Некоторые историки недооценивают факт вмешательства Сильвестра в придворную борьбу вокруг московского престола. К примеру, С. Б. Веселовский утверждал, будто Сильвестр «не принимал никакого участия в суматохе о присяге»{607}, будто он «по неизвестным нам причинам стоял в стороне от боярских распрей по поводу присяги», а значит, «нет оснований считать его сторонником «воцарения» кн. Владимира», и если благовещенский поп все-таки «выступил в конце концов на защиту старицких князей, то только потому, что хотел предотвратить расправу бояр с ними, которая могла вызвать тяжелые последствия не только для царя, но и для всего государства»{608}. По мнению И. Грали, «активность Сильвестра проявилась только в том, что он обратил внимание бояр на предосудительность недопущения Владимира Андреевича к умирающему царю»{609}. Вместе с тем исследователь указывает на то, что Сильвестр вступил в тайные отношения с Владимиром Старицким, обещая поддержать его кандидатуру на московский престол{610}. Следовательно, «активность Сильвестра проявилась» еще и в тайной сфере, причем преимущественно именно в тайной сфере. Стало быть, деятельность Сильвестра обнаруживается не только в том, «что он обратил внимание бояр на предосудительность недопущения Владимира Андреевича к умирающему князю». Однако выявить ее детально нет возможности, поскольку она (как, впрочем, и вся деятельность Сильвестра{611}) покрыта тайной. Можно лишь говорить об общем ее характере как направленной против воли царя и в пользу удельного князя. Тем не менее, даже краткие сведения о поведении Сильвестра во время царской болезни, содержащиеся в приписке к Царственной книге, позволяют составить относительно ясное представление о его роли в политической борьбе той поры. И что тут интересно, так это то, что рядовой, казалось бы, священник вторгается в дела огромной, можно сказать, судьбоносной государственной важности и позволяет себе перечить представителям княжеско-боярской знати, укоряя их за недостойный, как ему мнится, поступок{612}. Больше того, Сильвестр, если строго следовать летописной записи, «начат бояром въспрещати», т. е. препятствовать, мешать им{613}. Что это: беспредельная наглость или же уверенность в собственном могуществе и в конечном успехе затеянного предприятия? Скорее всего, — второе{614}.

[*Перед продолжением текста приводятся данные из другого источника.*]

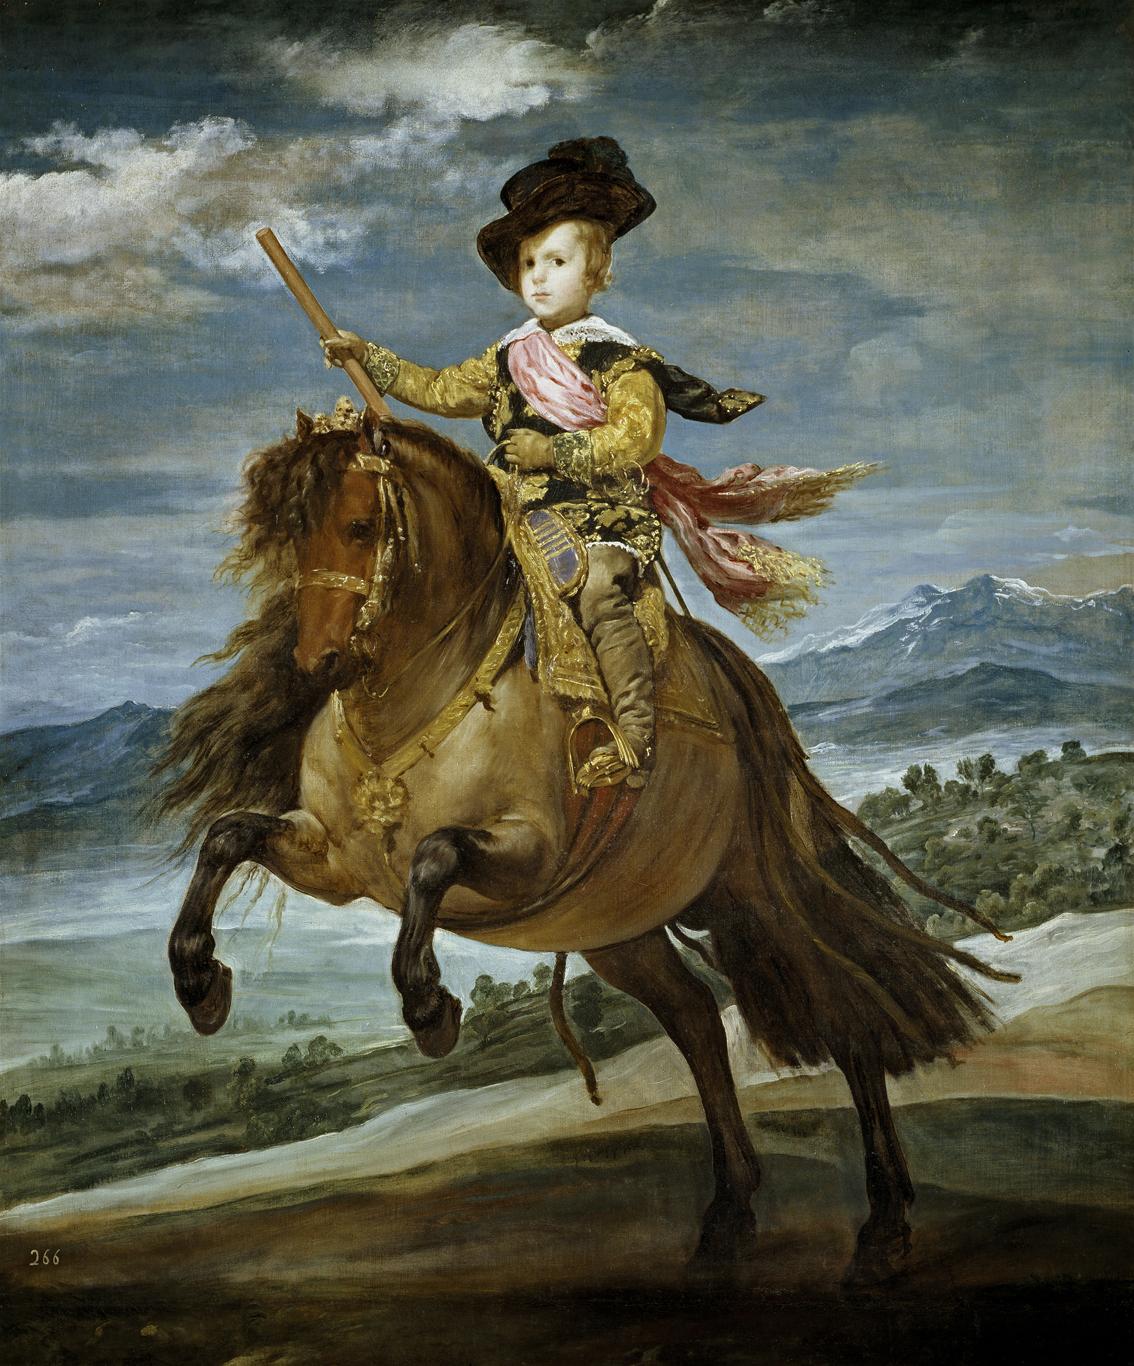 El Príncipe Baltasar carlos, cazador, de Velázquez, 1635-36, óleo sobre lienzo, 191 x 103 cm, Madrid, Museo del Prado.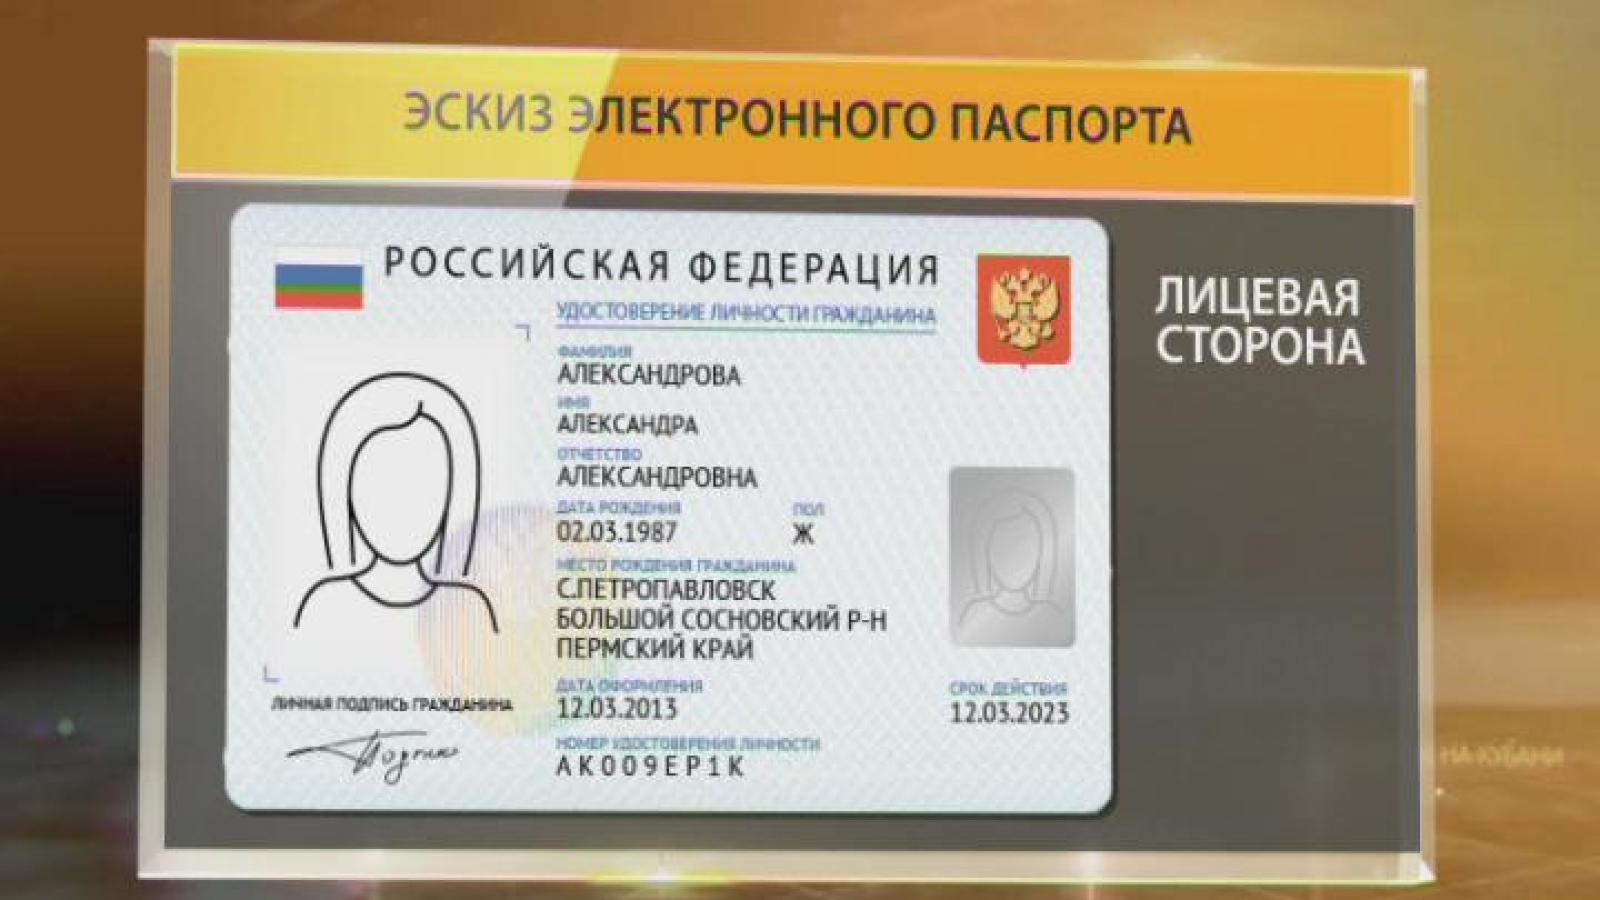 Пластиковая карта с чипом вместо паспорта

Получив неожиданный для себя отпор, Сильвестр озлобился. «И оттоле бысть вражда межи бояр и Селиверстом и его советники», — читаем у летописца. Вполне понятен политический апломб благовещенского попика: за ним стояли организованные «советники», единомышленники, т. е. придворная партия, которую И. И. Смирнов справедливо назвал «группировкой Сильвестра и Адашева»{615}. И. И. Смирнов так охарактеризовал позицию Сильвестра в мятежные дни марта 1553 года: «Сильвестр открыто вмешивался в борьбу между сторонниками царя и группировкой Старицких, пытаясь помешать принятию предупредительных мер против Владимира Старицкого, предпринимавшихся верными царю боярами, и демонстративно заявляя, что Владимир Старицкий «вас, бояр, государю доброхотнее». Такая позиция вела к острому конфликту между ним и верными Ивану Грозному боярами…»{616}.

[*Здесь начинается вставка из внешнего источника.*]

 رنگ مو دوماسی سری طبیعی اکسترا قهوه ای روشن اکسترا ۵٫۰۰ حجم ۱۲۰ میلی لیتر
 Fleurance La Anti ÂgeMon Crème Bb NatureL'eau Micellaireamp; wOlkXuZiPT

Надо полагать, Сильвестр, скрывающий свои истинные планы, не стал бы обнаруживать себя и не пошел бы на открытый конфликт с боярами, не случись чрезвычайное, по-видимому, непредугаданное заговорщиками обстоятельство: прямой и резкий разговор приверженцев московского самодержца с Владимиром Старицким и последующее запрещение ему посещать больного государя. Это было для «группировки

Сильвестра и Адашева» серьезным предзнаменованием провала задуманного государственного переворота. Сильвестр встревожился и поспешил спасать положение, считая, вероятно, что сумеет своим вмешательством поправить дело. Но, «увы ему», он ошибся и проиграл, встретив решительную отповедь бояр, сохранявших верность присяге и долгу.

Для современного наблюдателя, занятого рассмотрением мартовских событий 1553 года, безрезультатность попыток Сильвестра и Владимира Старицкого развить начатую акцию по захвату власти означает, бесспорно, некоторое изменение соотношения сил в пользу сторонников Ивана IV. Это изменение, впрочем, было обусловлено не столько военно-политическими обстоятельствами, сколько психологическими мотивами, связанными непосредственно с больным государем. Несмотря на смертельную, казалось, болезнь, царь все-таки оставался жив, что обнадеживало его сторонников и приводило в замешательство противников. И чем дальше, тем больше это настроение усиливалось.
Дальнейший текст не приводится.